# RECORDS TO USE:
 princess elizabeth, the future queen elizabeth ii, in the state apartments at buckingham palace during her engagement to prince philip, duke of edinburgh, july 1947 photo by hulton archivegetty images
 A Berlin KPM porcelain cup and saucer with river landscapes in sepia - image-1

* * *

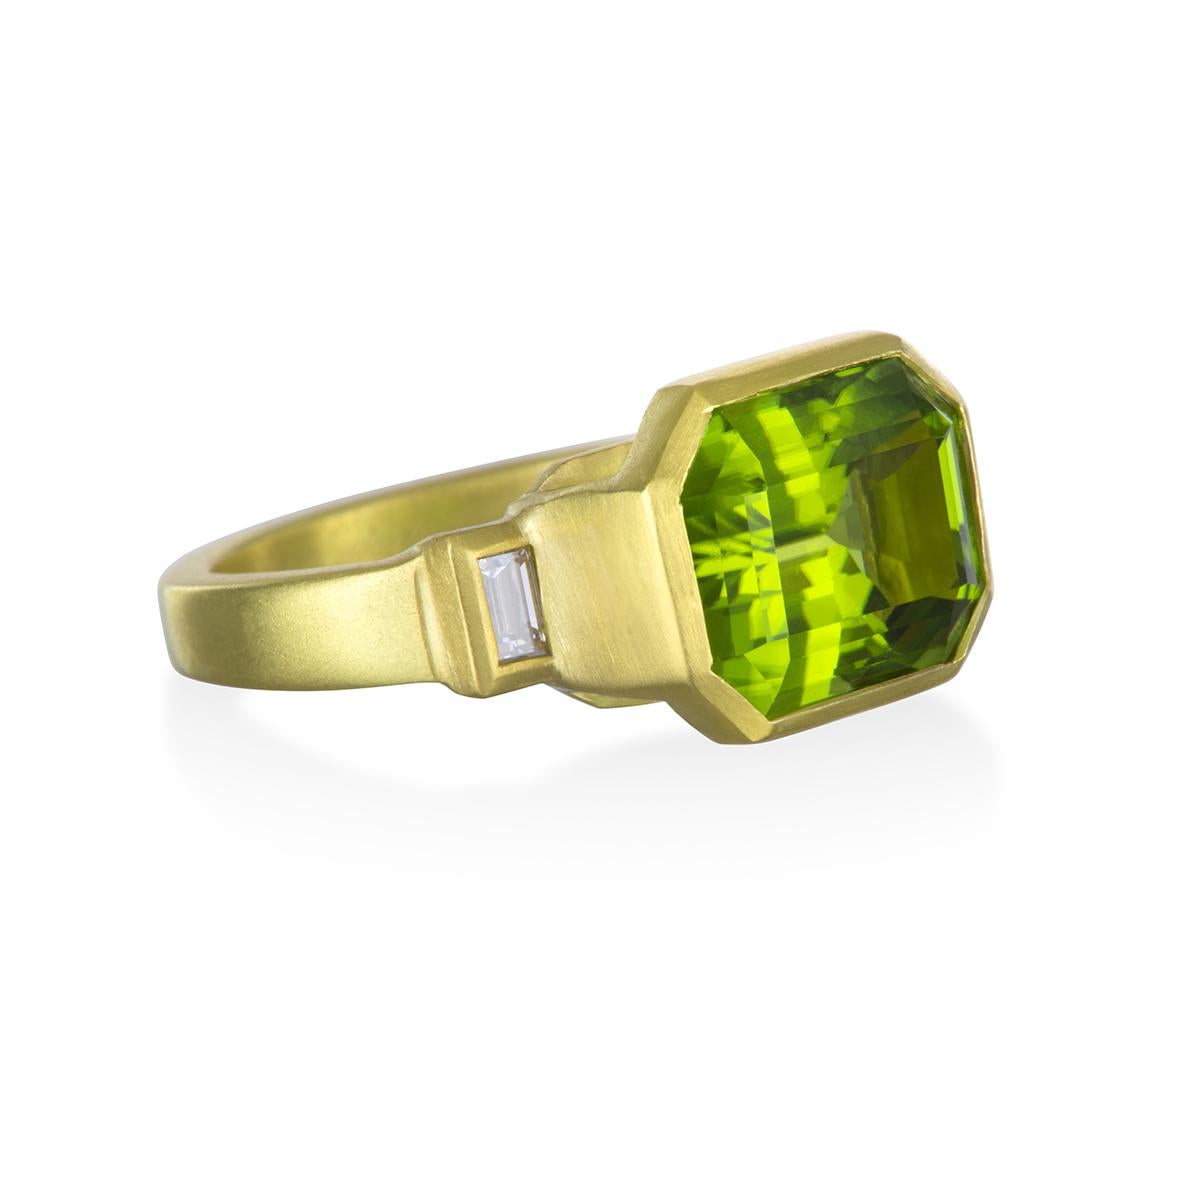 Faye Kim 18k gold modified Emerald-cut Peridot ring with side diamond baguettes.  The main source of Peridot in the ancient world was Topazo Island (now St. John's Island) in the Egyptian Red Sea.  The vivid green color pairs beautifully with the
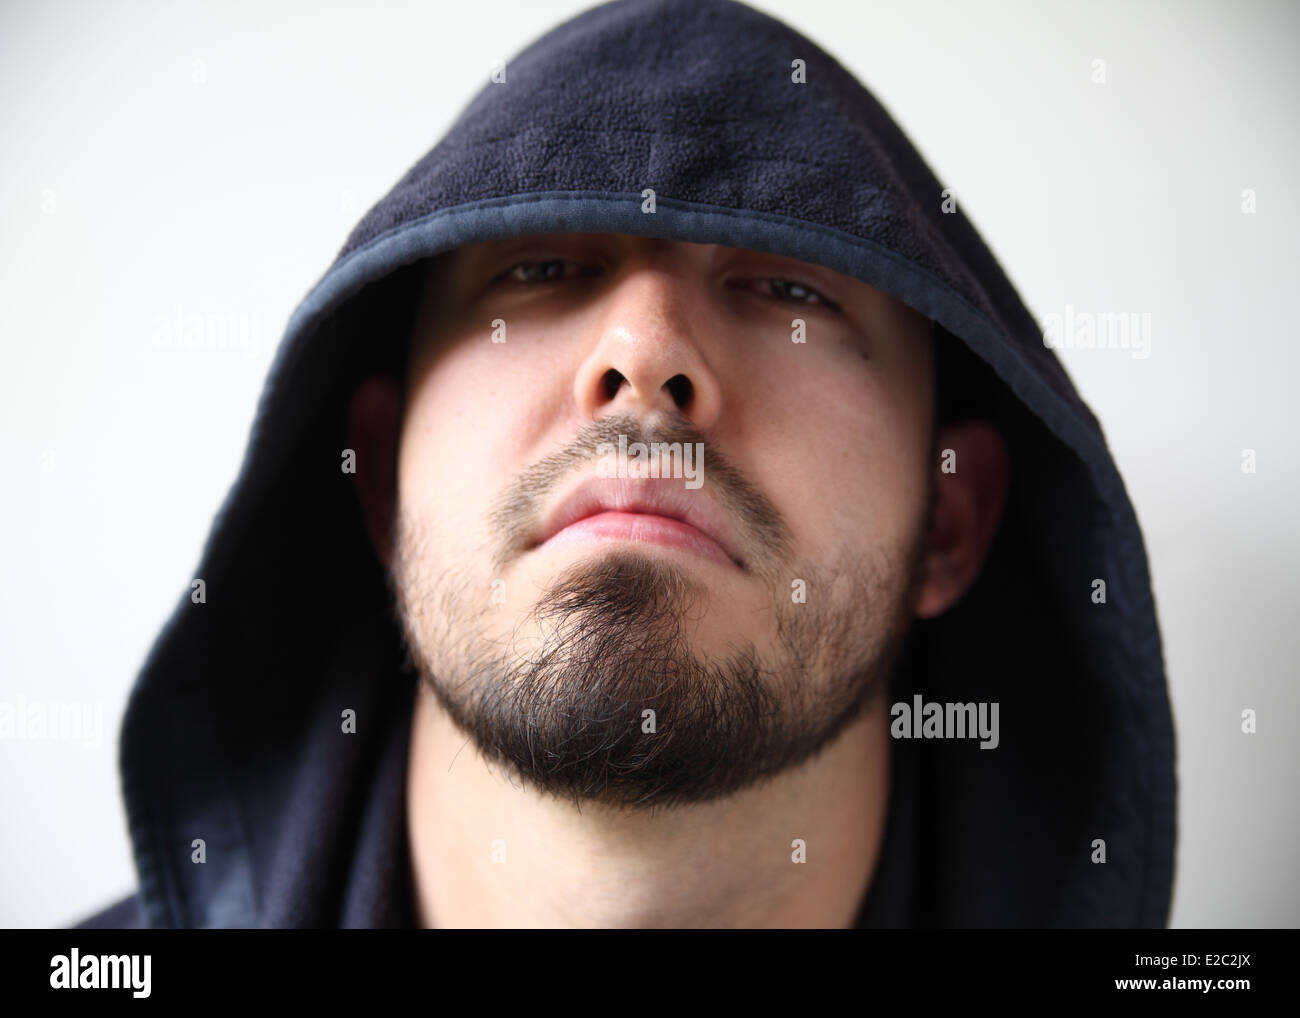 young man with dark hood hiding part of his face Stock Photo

# WHAT TO PRODUCE:
Go to the line above holding "Faye Kim 18k", then copy exactly each line down to and including the one holding "young man with", leaving pictures out.

# RESPONSE BELOW:
 Faye Kim 18k gold modified Emerald-cut Peridot ring with side diamond baguettes.  The main source of Peridot in the ancient world was Topazo Island (now St. John's Island) in the Egyptian Red Sea.  The vivid green color pairs beautifully with the
 young man with dark hood hiding part of his face Stock Photo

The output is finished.